• [PROBLEM STATEMENT] Omit the pictures and return exactly the stretch of the material below from the line with "W | Wishful" through the line with "Garena Free Fire".

• [INPUT RECORDS]

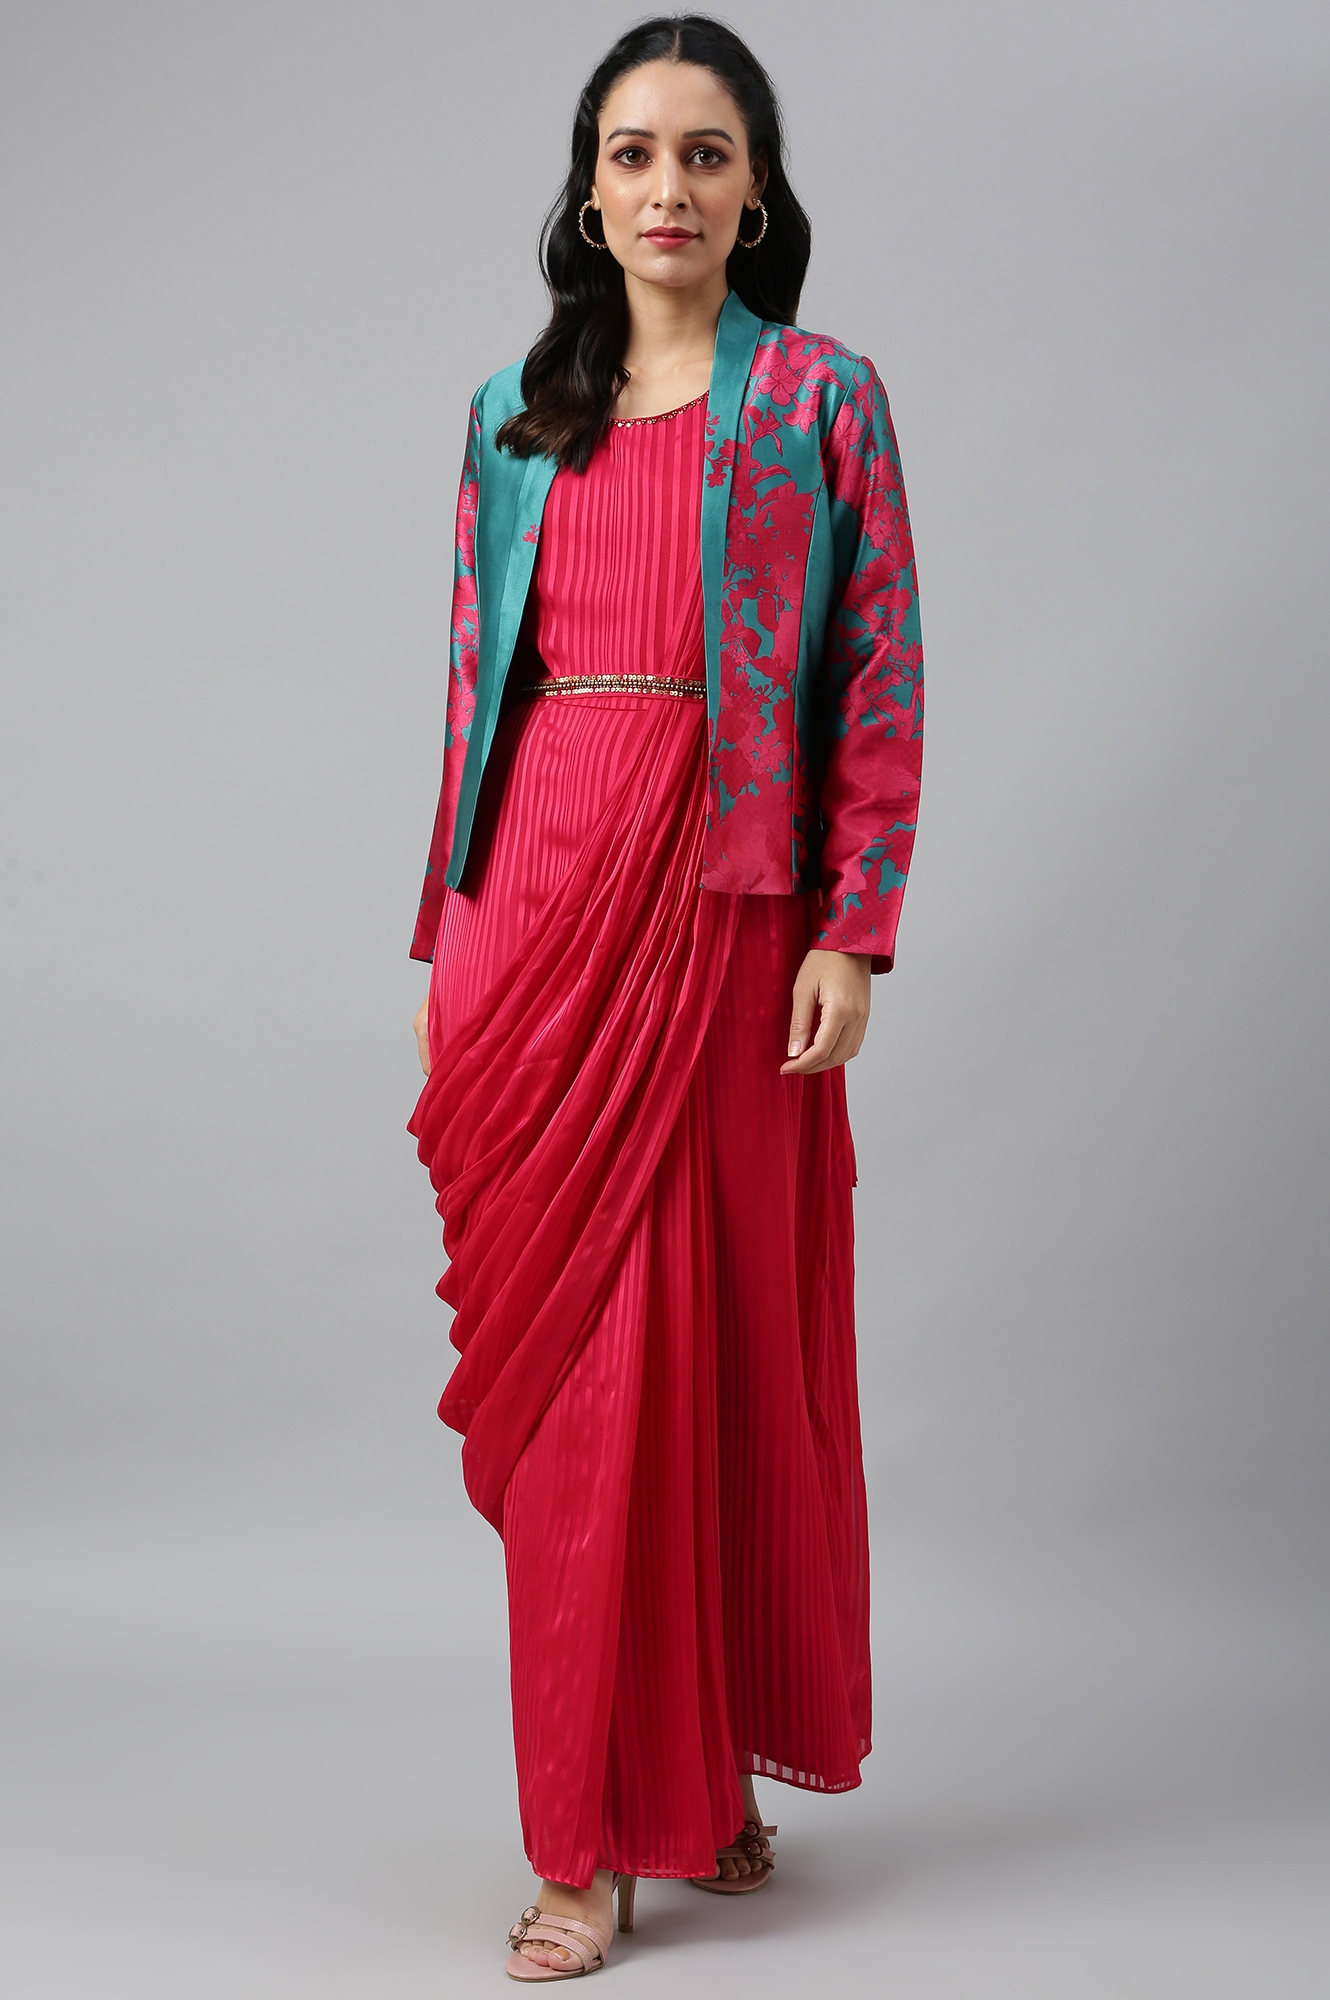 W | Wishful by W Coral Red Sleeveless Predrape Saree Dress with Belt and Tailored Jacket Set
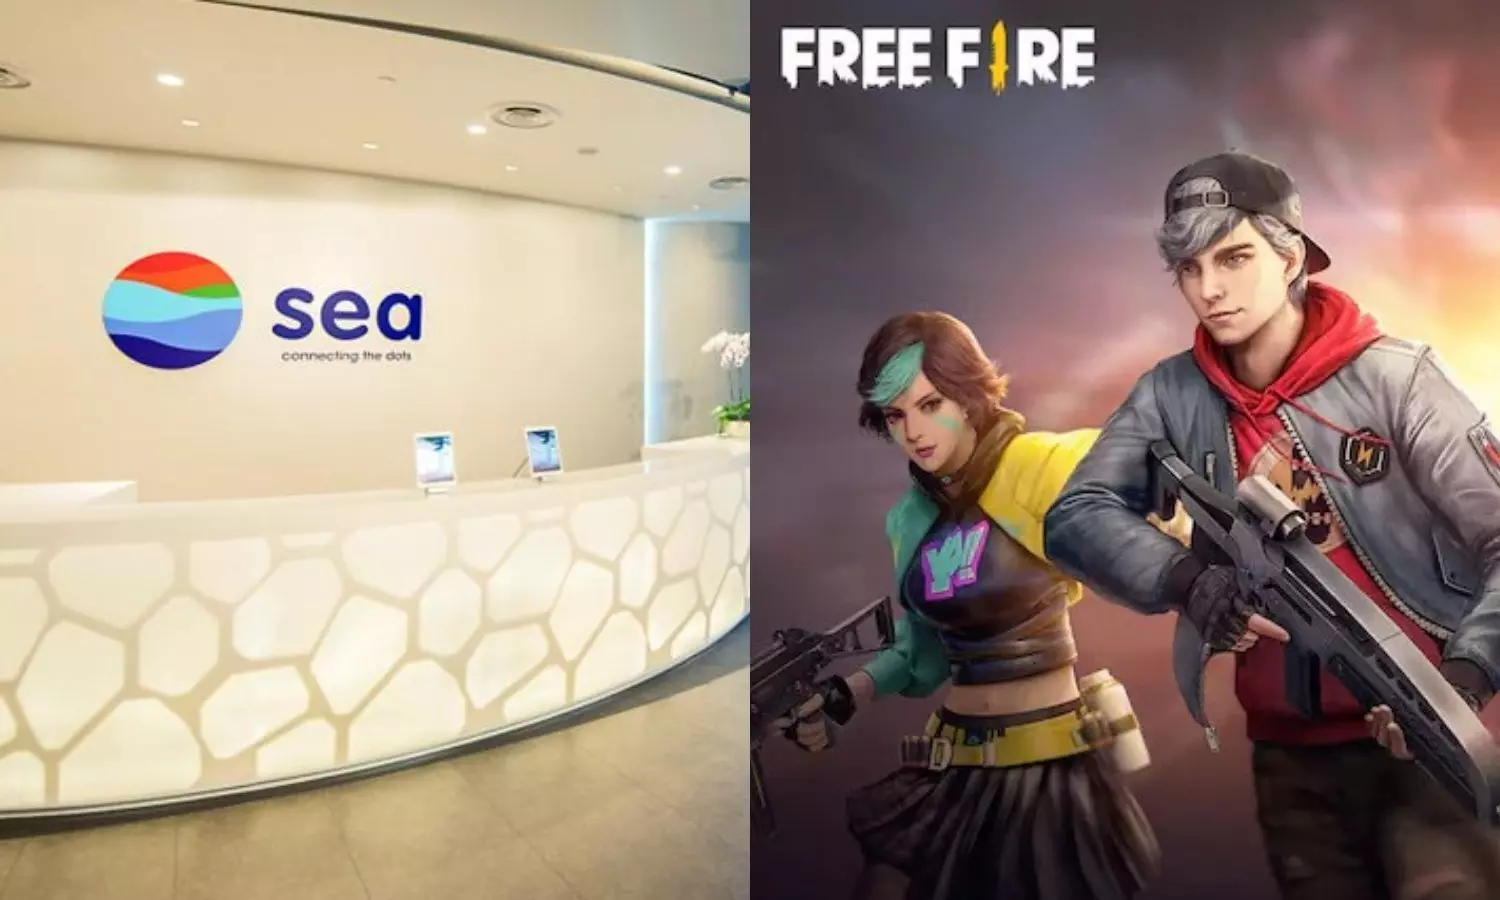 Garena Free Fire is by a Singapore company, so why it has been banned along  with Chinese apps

==

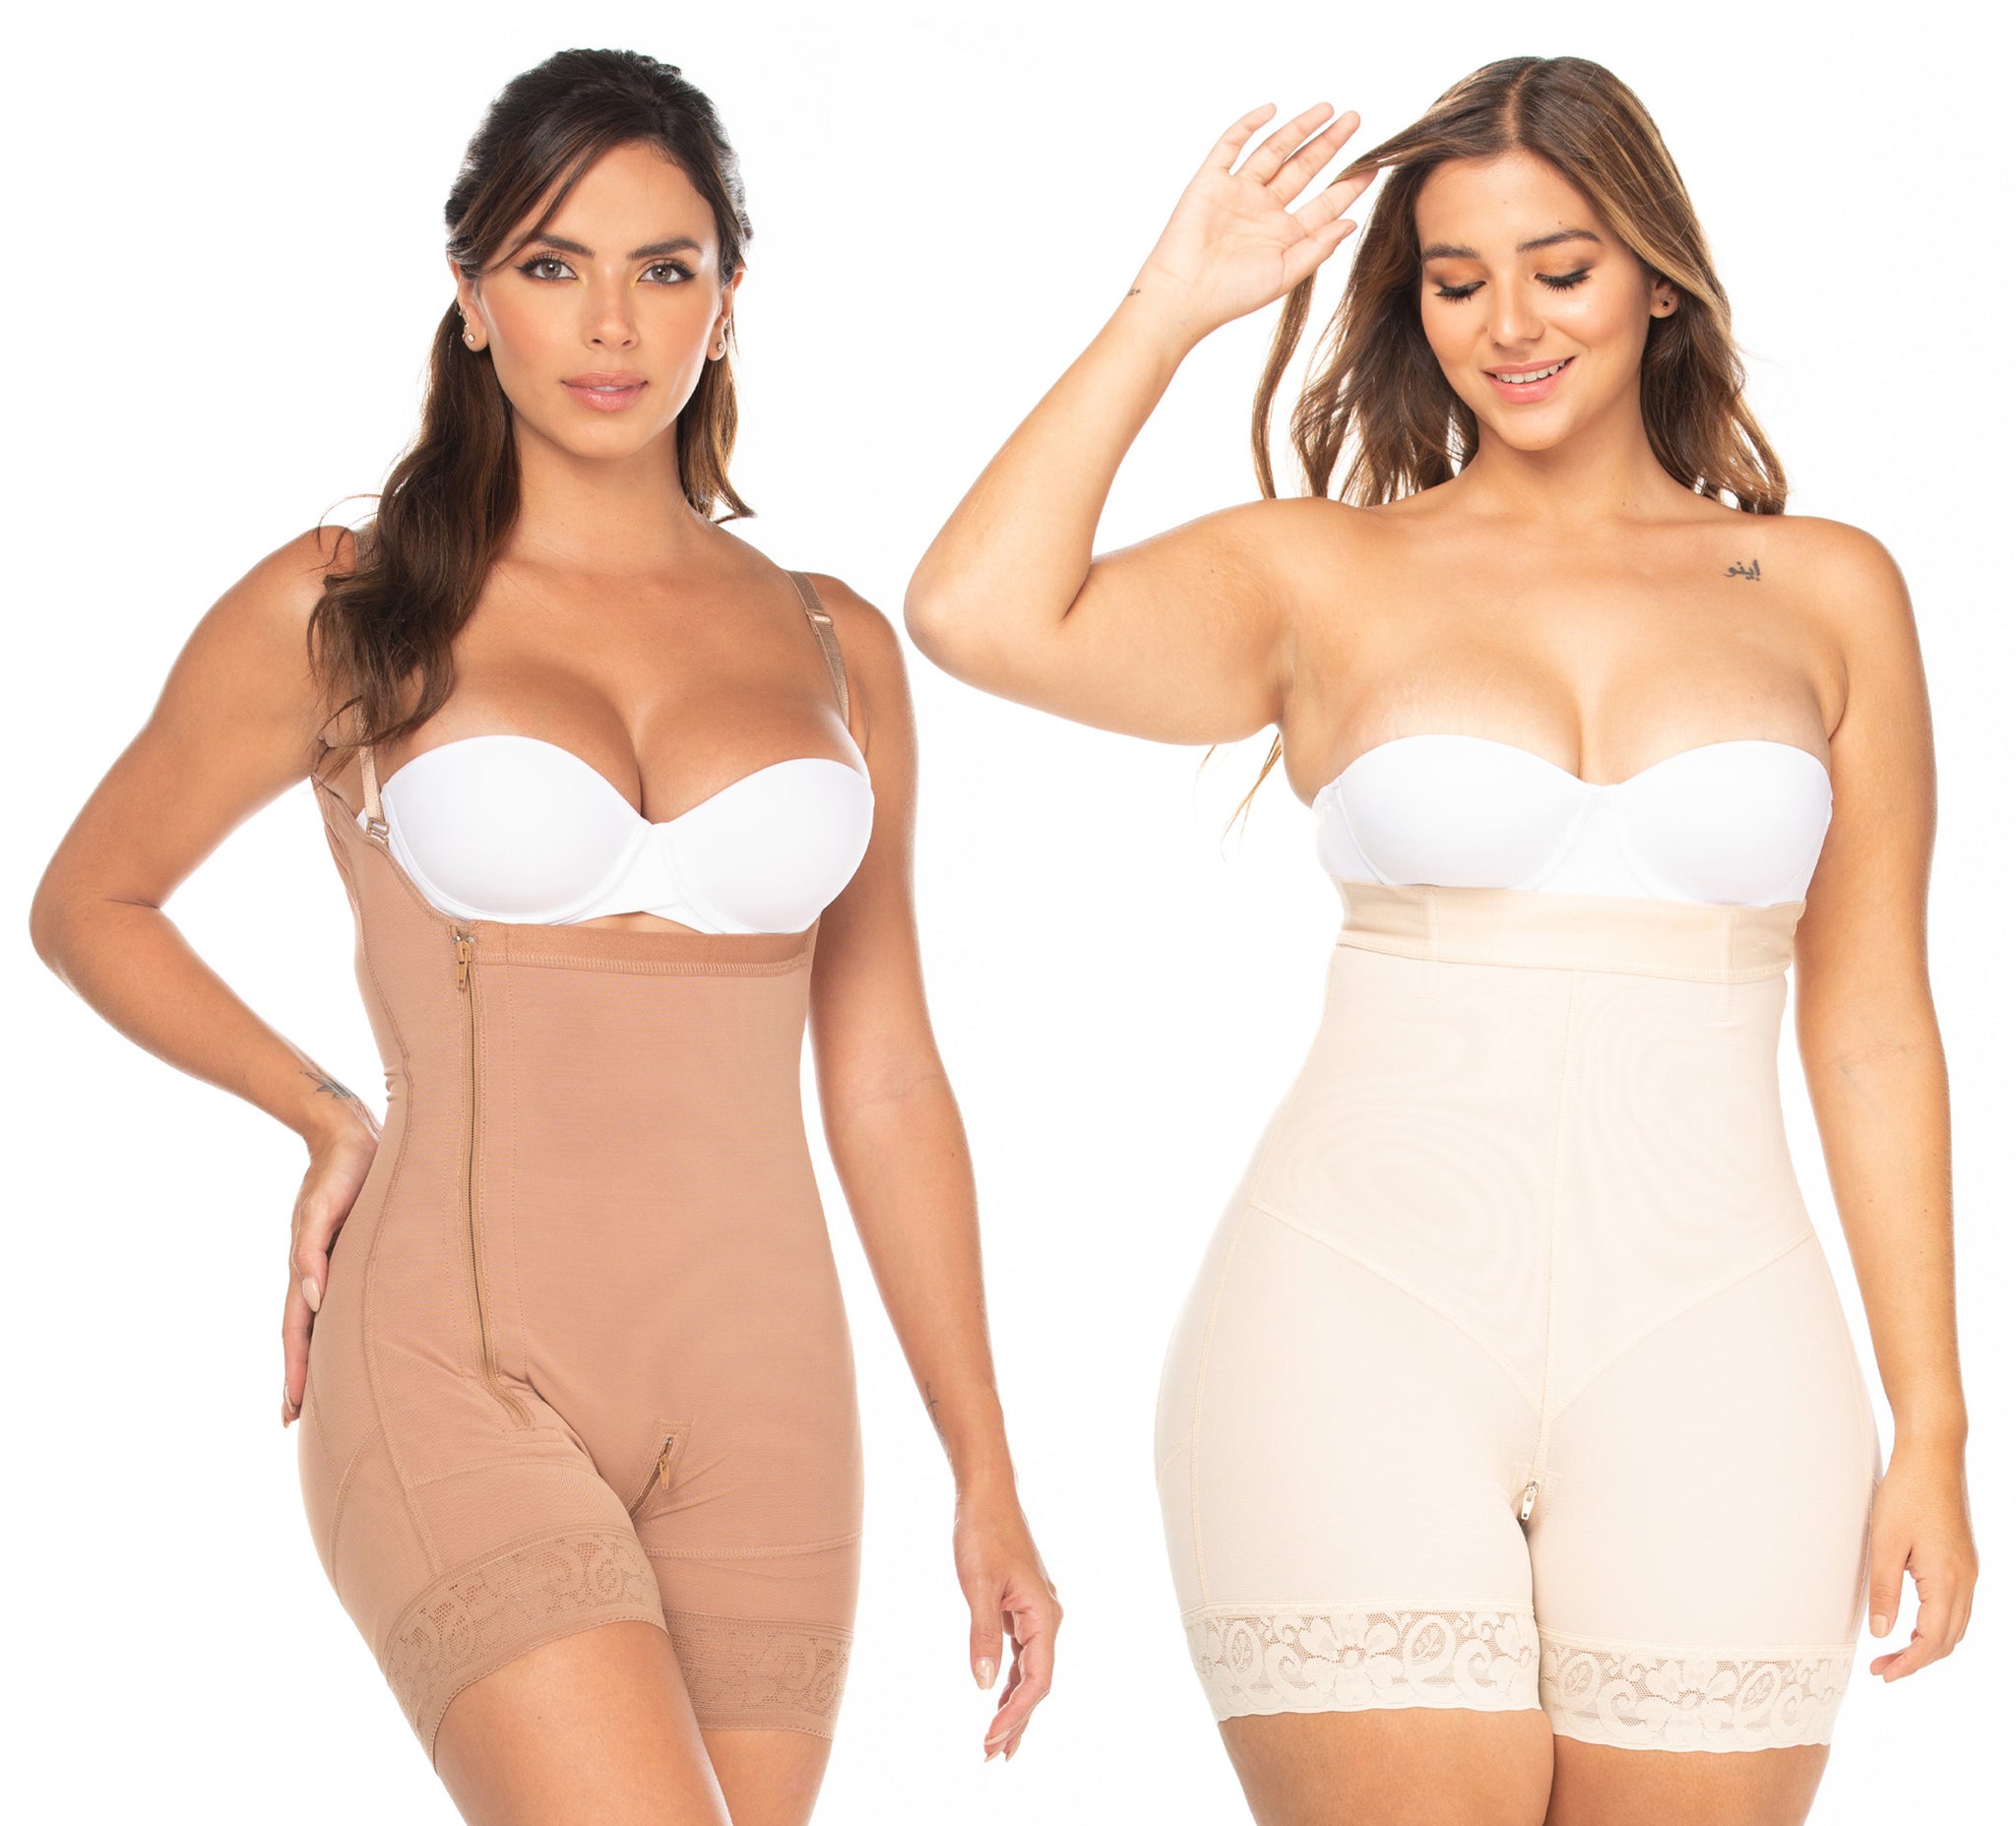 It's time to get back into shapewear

--

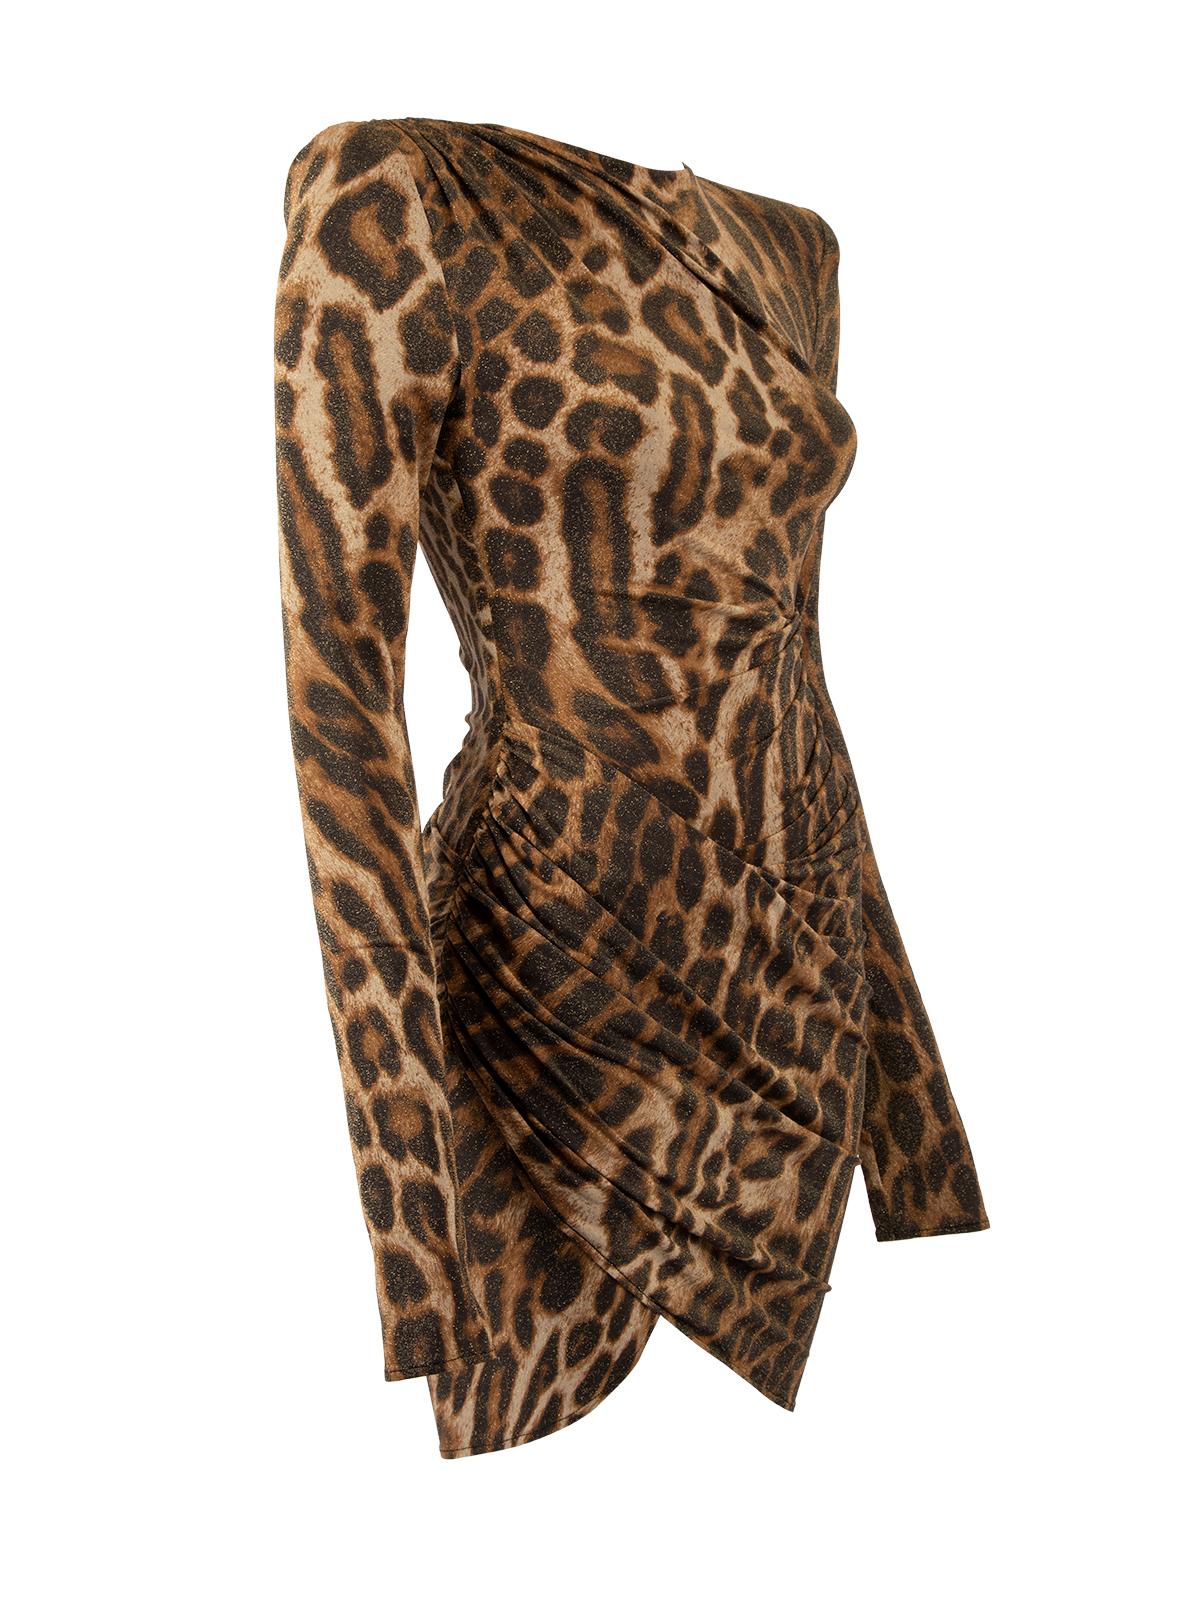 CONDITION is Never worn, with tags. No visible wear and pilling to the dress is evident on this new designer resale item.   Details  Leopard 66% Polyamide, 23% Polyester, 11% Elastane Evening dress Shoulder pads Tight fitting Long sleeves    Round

• [RESPONSE AREA]
 W | Wishful by W Coral Red Sleeveless Predrape Saree Dress with Belt and Tailored Jacket Set
 Garena Free Fire is by a Singapore company, so why it has been banned along  with Chinese apps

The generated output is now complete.